Let \(B=\left\\{\mathbf{v}_{1}, \ldots, \mathbf{v}_{n}\right\\}\) be a maximal independent set in a vector space \(V\). That is, no set of more than \(n\) vectors \(S\) is independent. Show that \(B\) is a basis of \(V\)

Short Answer

Expert verified
\(B\) is a basis of \(V\) because it is a maximal independent set and spans \(V\).

Step by step solution

01

Define a Basis

A basis of a vector space \(V\) is a set of vectors that is both linearly independent and spans \(V\). This implies that every vector in \(V\) can be written as a linear combination of the vectors in the basis.
02

Prove Linear Independence of B

Since \(B\) is given as a maximal independent set, no additional vector can be added to \(B\) without losing its independence property. This means that \(B\) is a linearly independent set of vectors.
03

Show that B Spans V

Suppose \(B\) does not span \(V\).

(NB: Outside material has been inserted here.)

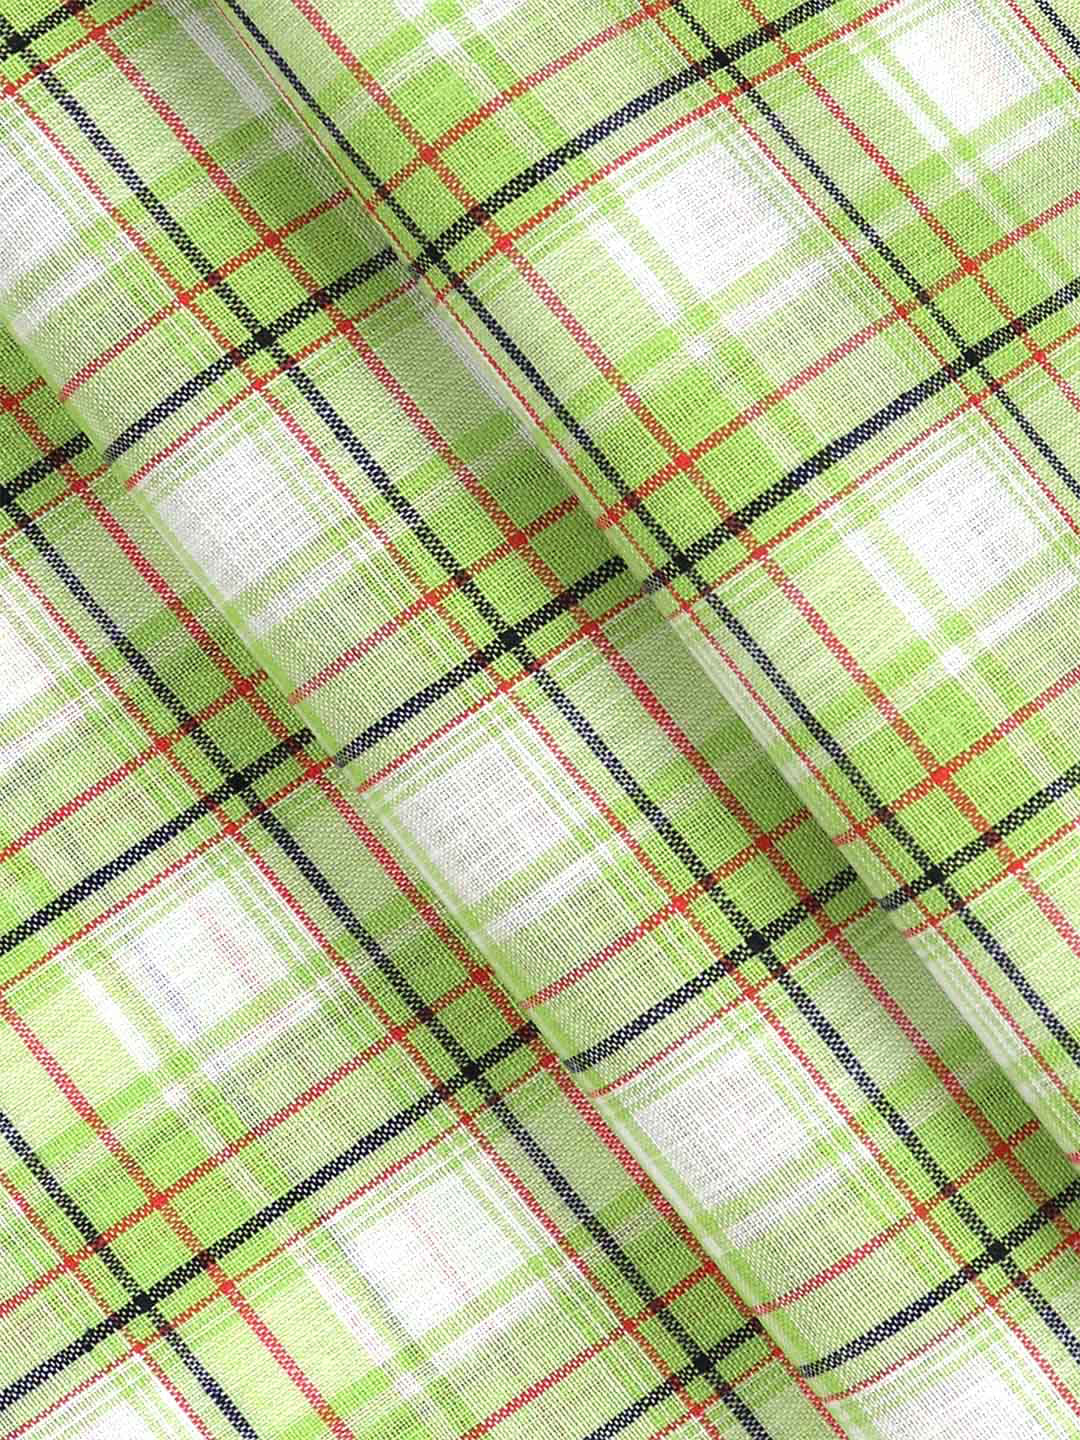 Cotton Green with White Checked Shirt Fabric Infinity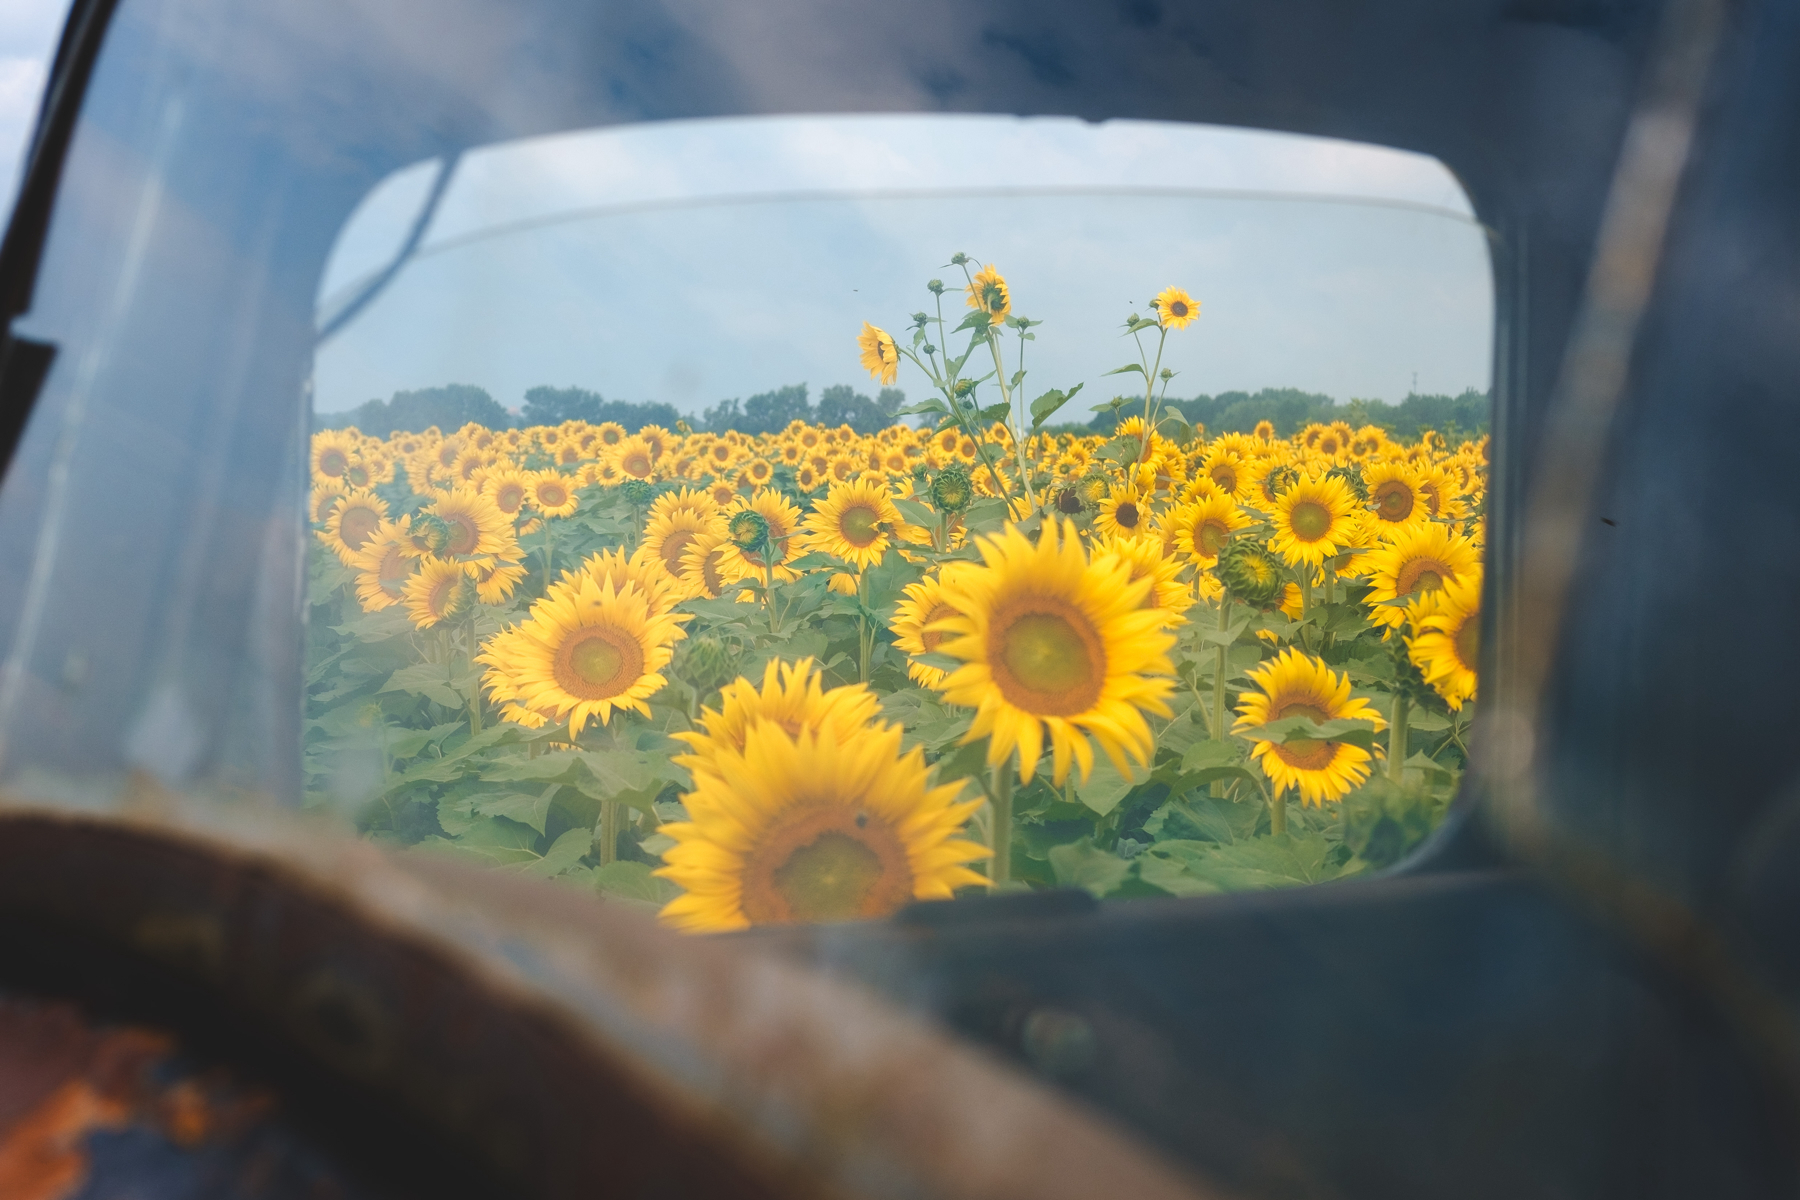 A field of sunflowers viewed through the window of a vintage vehicle.

Then there exists a vector \(\mathbf{w} \in V\) that cannot be expressed as a linear combination of the vectors in \(B\). If we add \(\mathbf{w}\) to \(B\), the set \(B \cup \{\mathbf{w}\}\) must still be independent. This contradicts the maximal independence of \(B\), hence \(B\) must span \(V\).
04

Conclusion

Since \(B\) is both linearly independent and spans \(V\), by the definition of a basis, \(B\) is a basis of \(V\).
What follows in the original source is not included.